🤖 AI Summary
To address the scarcity of action annotations in robotic manipulation, this paper proposes a generative self-supervised learning framework leveraging large-scale unlabeled video data. Methodologically, it introduces (1) implicit motion tokenization—a hardware-agnostic, semantically interpretable representation that encodes video dynamics as a “motion language”; and (2) Moto-GPT, the first autoregressive Transformer pretrained on motion tokens, equipped with unsupervised video-to-motion token encoding and vision-action co-finetuning. Evaluated on real-world dexterous robotic manipulation benchmarks, the approach significantly improves sample efficiency and robustness, enabling high-fidelity motion trajectory generation, prediction, and plausibility assessment. Crucially, it effectively transfers motion priors embedded in videos to downstream control tasks, demonstrating strong generalization without explicit action labels.
📝 Abstract
Recent developments in Large Language Models pre-trained on extensive corpora have shown significant success in various natural language processing tasks with minimal fine-tuning. This success offers new promise for robotics, which has long been constrained by the high cost of action-labeled data. We ask: given the abundant video data containing interaction-related knowledge available as a rich"corpus", can a similar generative pre-training approach be effectively applied to enhance robot learning? The key challenge is to identify an effective representation for autoregressive pre-training that benefits robot manipulation tasks. Inspired by the way humans learn new skills through observing dynamic environments, we propose that effective robotic learning should emphasize motion-related knowledge, which is closely tied to low-level actions and is hardware-agnostic, facilitating the transfer of learned motions to actual robot actions.
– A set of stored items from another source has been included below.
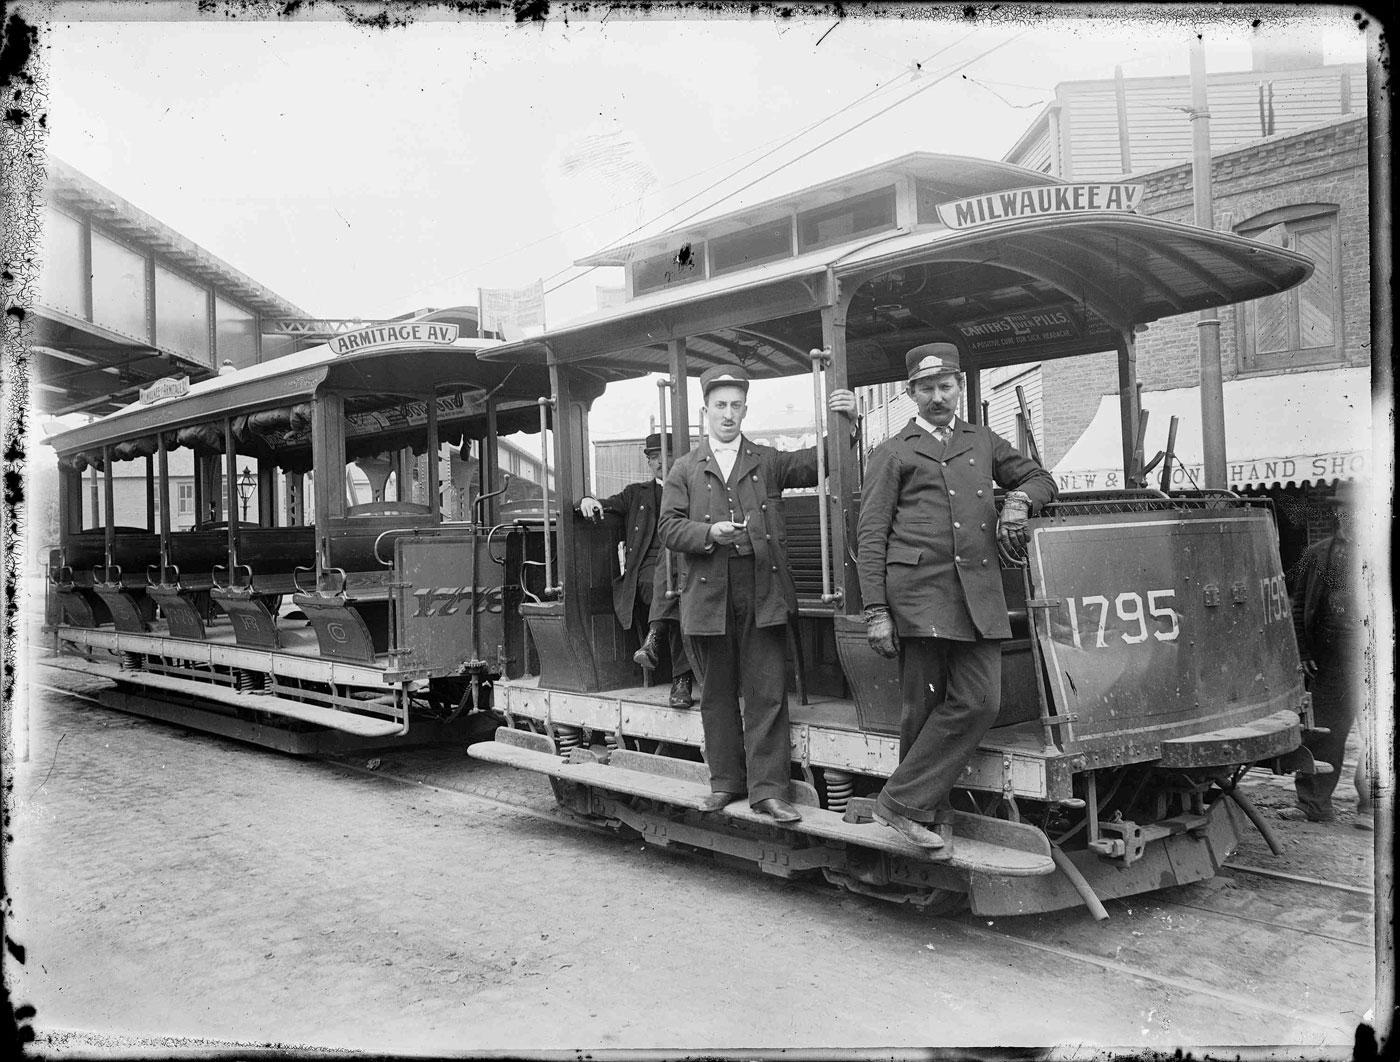 Chicago had the largest cable car system in the country in terms of ridership and actual cars. (Courtesy of the Chicago History Museum)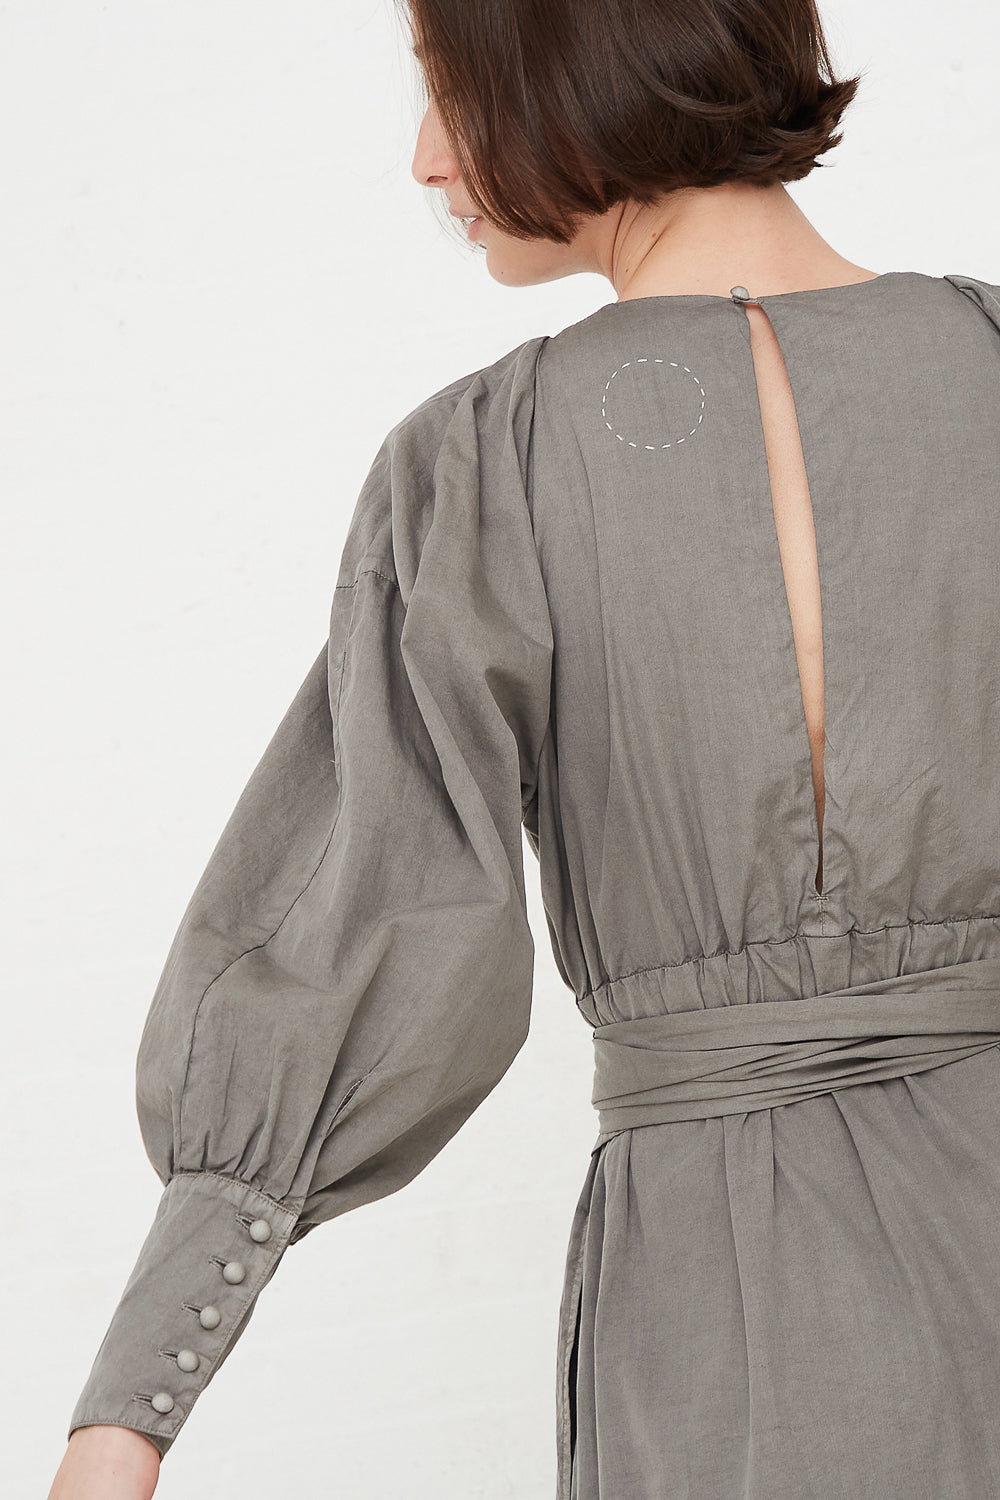 Cosmic Wonder - Suvin Cotton Broadcloth Wrapped Dress in Sumi back sleeve detail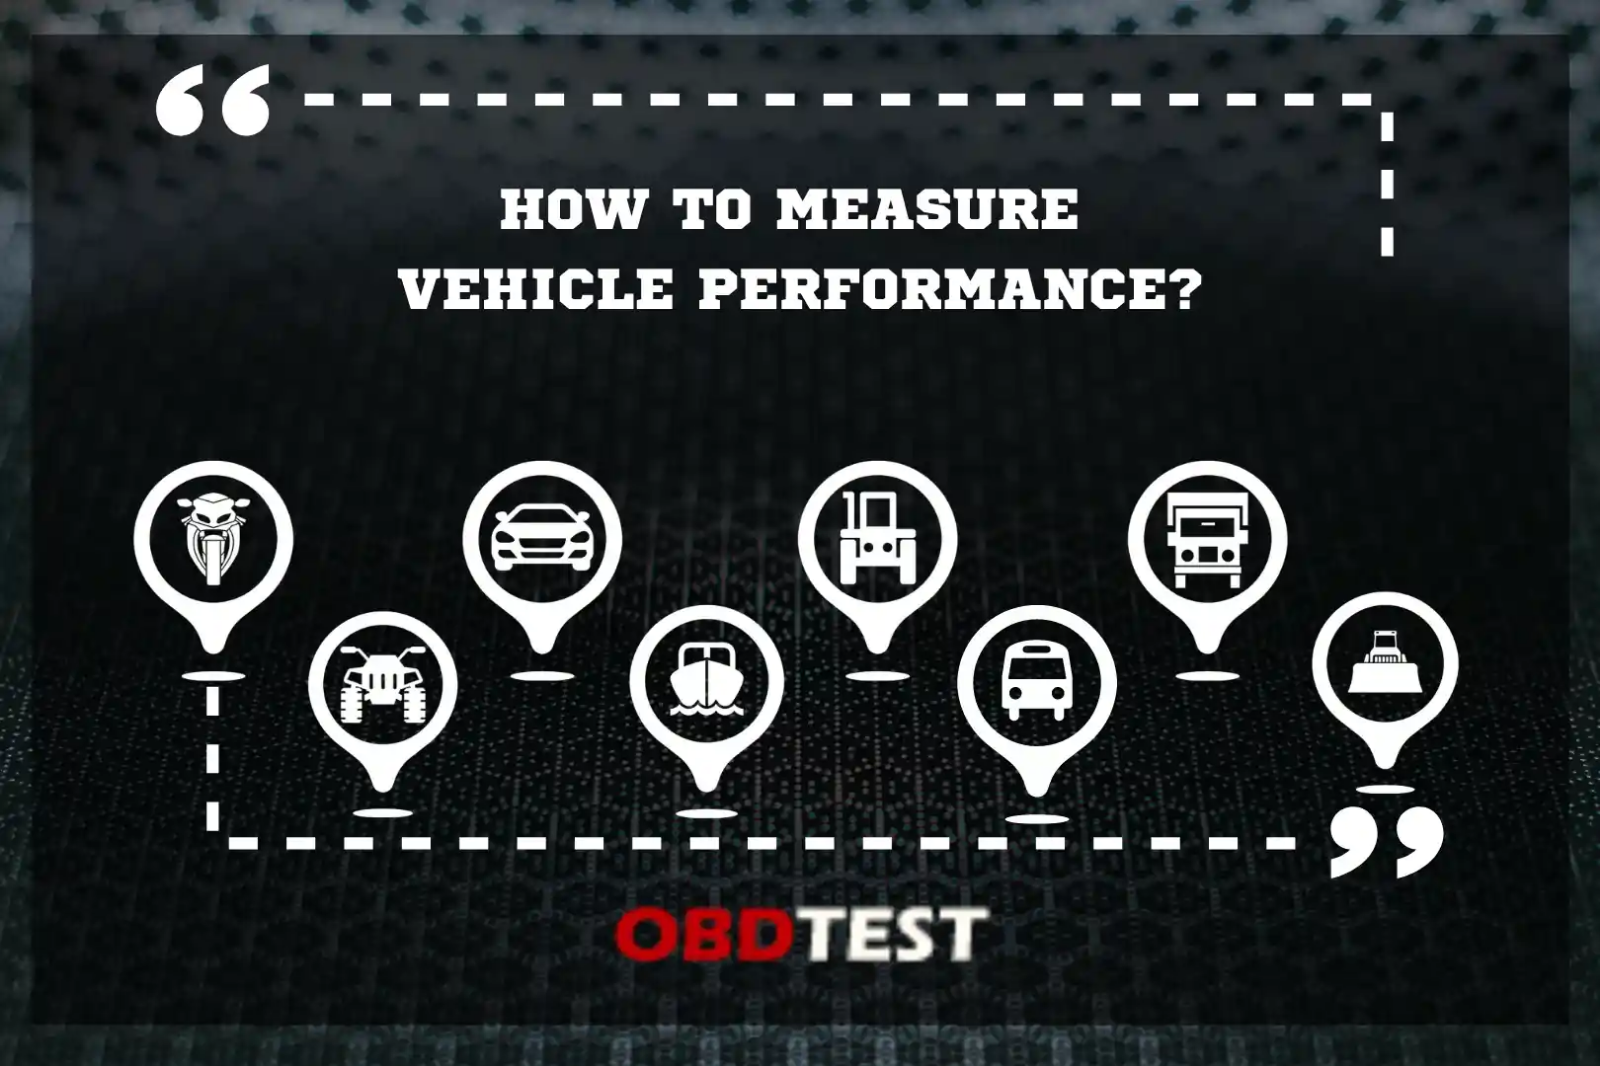 How to measure vehicle performance?

To this end, we introduce Moto, which converts video content into latent Motion Token sequences by a Latent Motion Tokenizer, learning a bridging"language"of motion from videos in an unsupervised manner. We pre-train Moto-GPT through motion token autoregression, enabling it to capture diverse visual motion knowledge. After pre-training, Moto-GPT demonstrates the promising ability to produce semantically interpretable motion tokens, predict plausible motion trajectories, and assess trajectory rationality through output likelihood. To transfer learned motion priors to real robot actions, we implement a co-fine-tuning strategy that seamlessly bridges latent motion token prediction and real robot control. Extensive experiments show that the fine-tuned Moto-GPT exhibits superior robustness and efficiency on robot manipulation benchmarks, underscoring its effectiveness in transferring knowledge from video data to downstream visual manipulation tasks.